To estimate serum 25-hydroxy vitamin D (25OHD) levels
in newly pregnant women and to evaluate its relation to development of
gestational diabetes mellitus (GDM) and maternal and fetal outcome.
Patients & Methods: The study included 328 pregnant women, and at
6th week gestational age (GA), women's clinical and obstetric data were
collected and blood samples were obtained for estimation of baseline
blood glucose (BG) and serum 25OHD levels. Studied women were
divided into two equal groups: Group A included pregnant women
received supplemental vitamin D3 in a daily dose of 1000 IU oral
capsule starting since 6th week GA till delivery. Group B included
pregnant women who completed their pregnancy without vitamin D
supplementation. All women underwent the 75g Oral Glucose
Tolerance Test (75-OGTT) at the 20th, 28th and 36th week for detection
of GDM. All women were followed up till delivery and maternal and
neonatal outcome.
Results: Serum 25OHD levels were sufficient, insufficient and deficient
in 42, 142 and 144 women, respectively. Forty-three women (13.1%)

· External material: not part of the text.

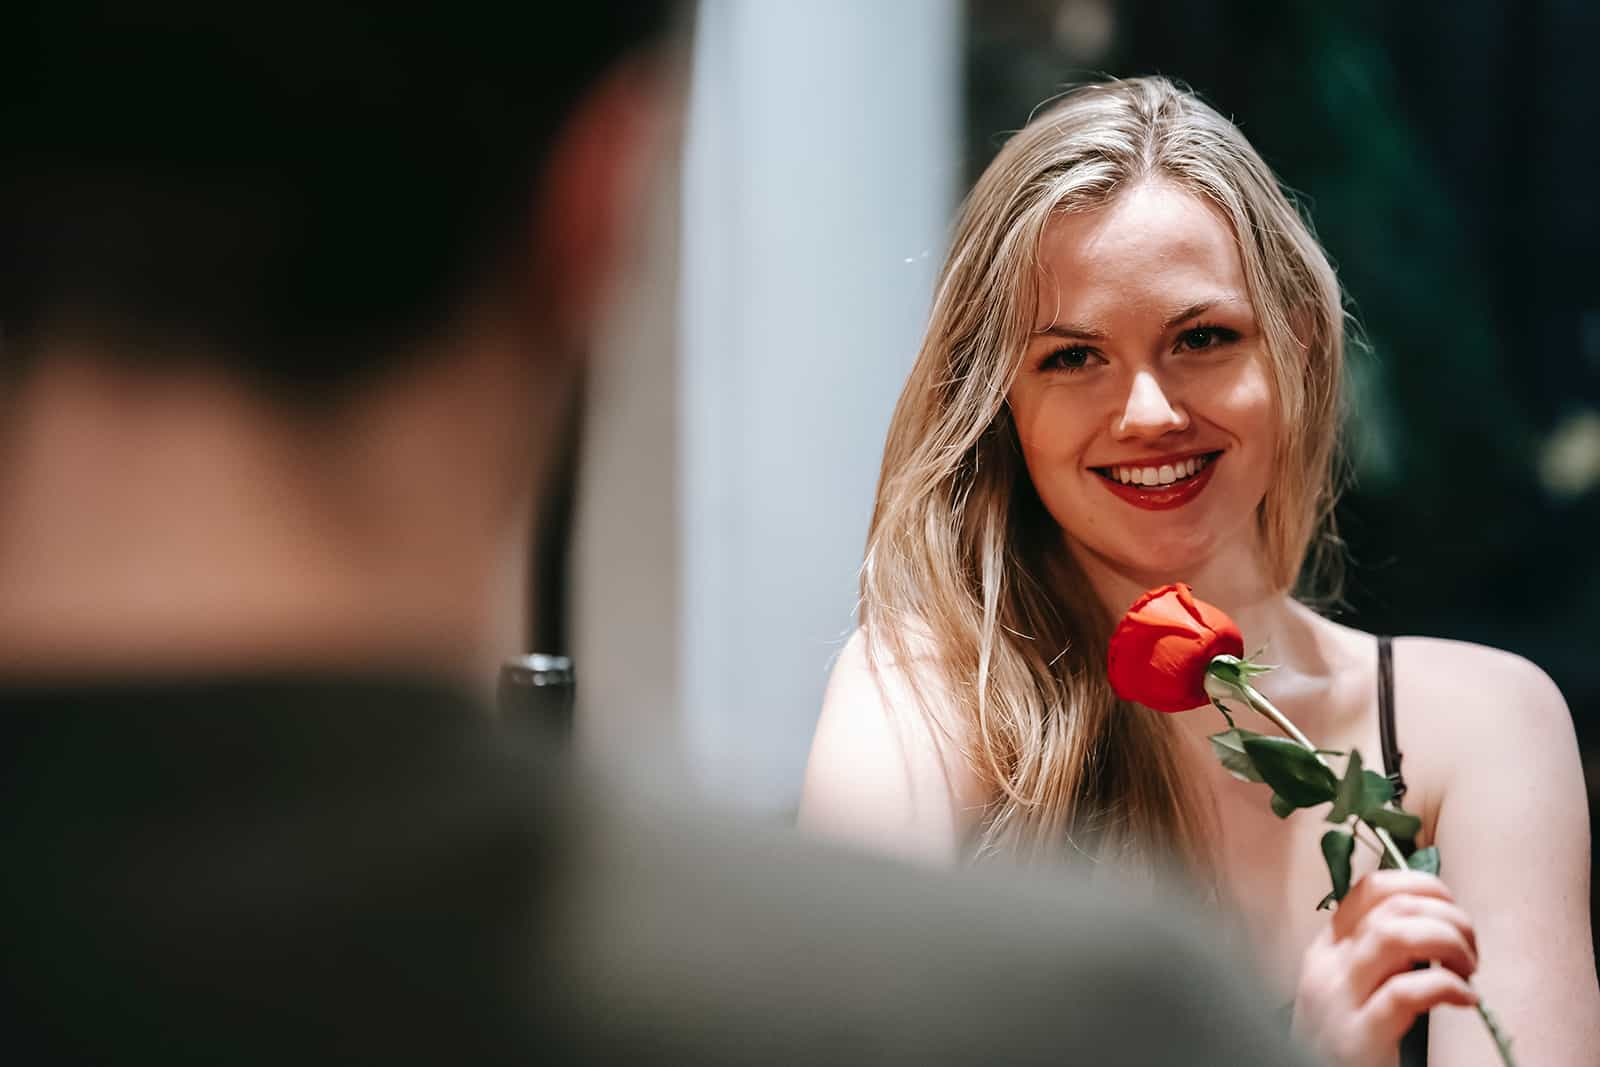 Une femme souriante tenant une rose rouge et regardant un homme assis en face d'elle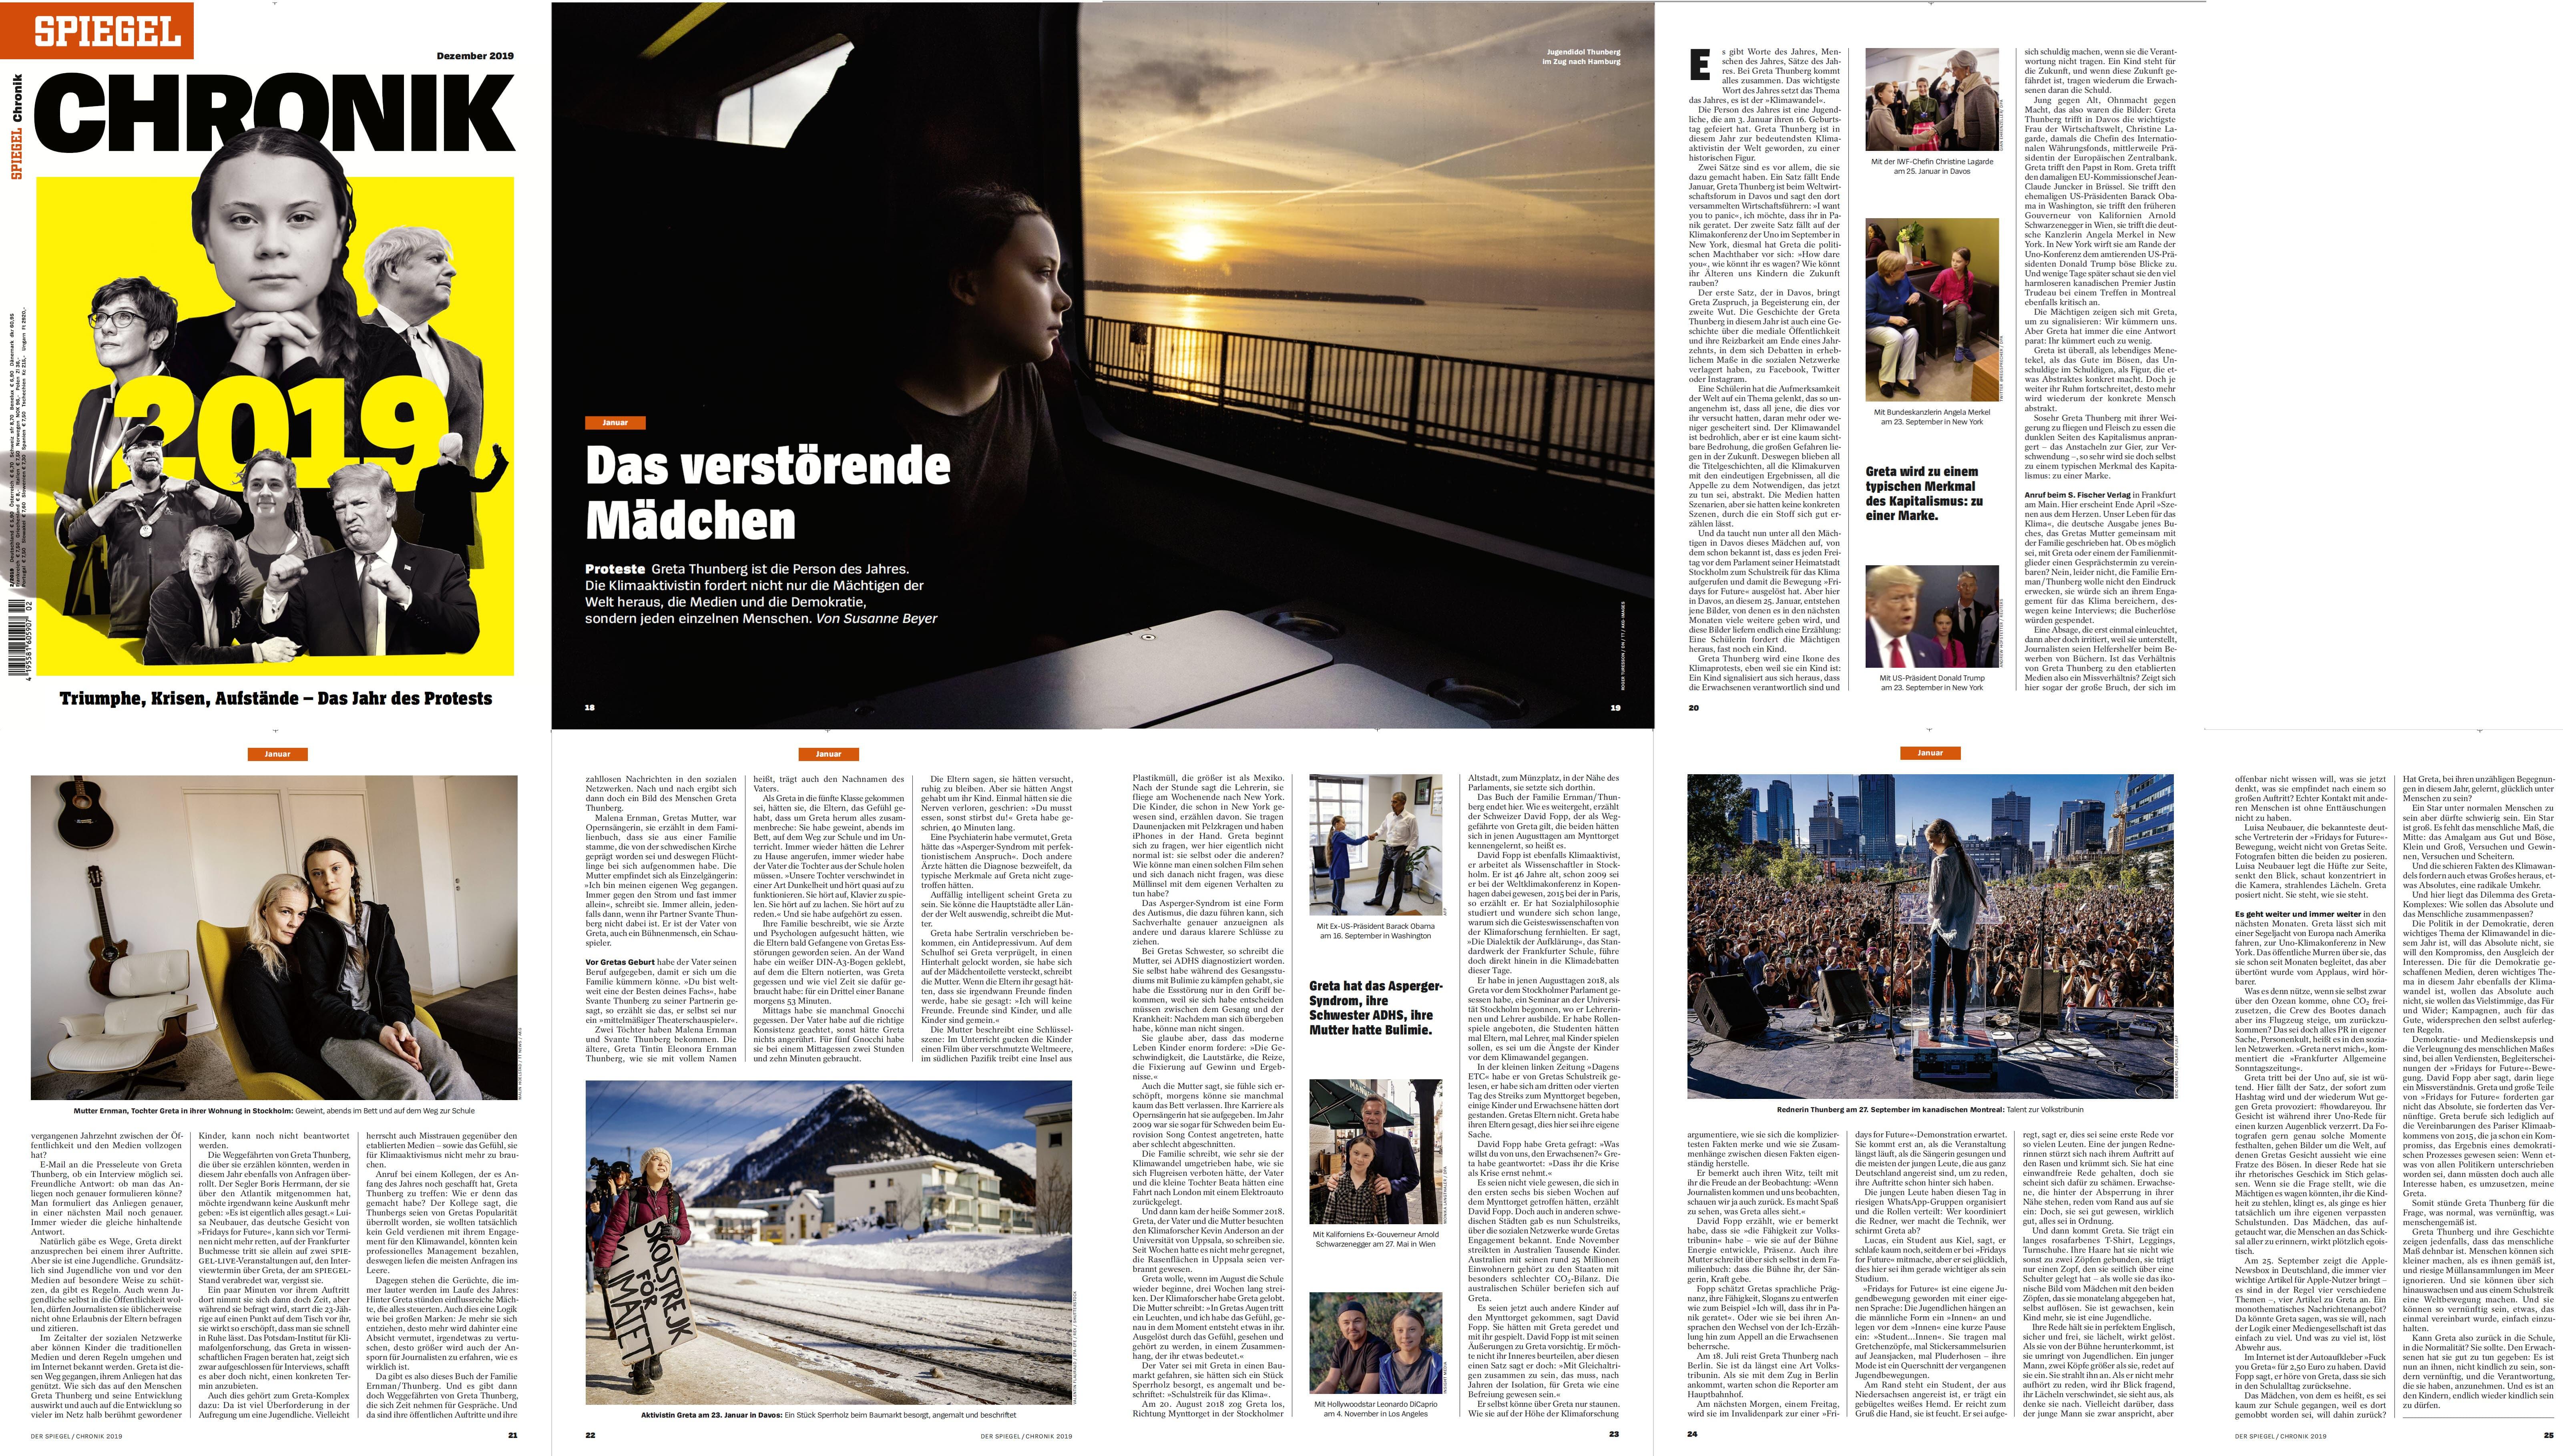 Der Spiegel chronik 2019

developed GDM and 62 women (18.9%) had emergency and 23 women
had elective CS. Moreover, 48 neonates (14.6%) required NICU
admission; 15 for respiratory-aid, 22 for phototherapy and 11 neonates
for management of sepsis, but 4 neonates died. Women of group A
showed significantly lower frequency of GDM with significantly lower
BG levels, significantly lower frequency of CS especially emergency
CS and significantly lower frequency of NICU admission.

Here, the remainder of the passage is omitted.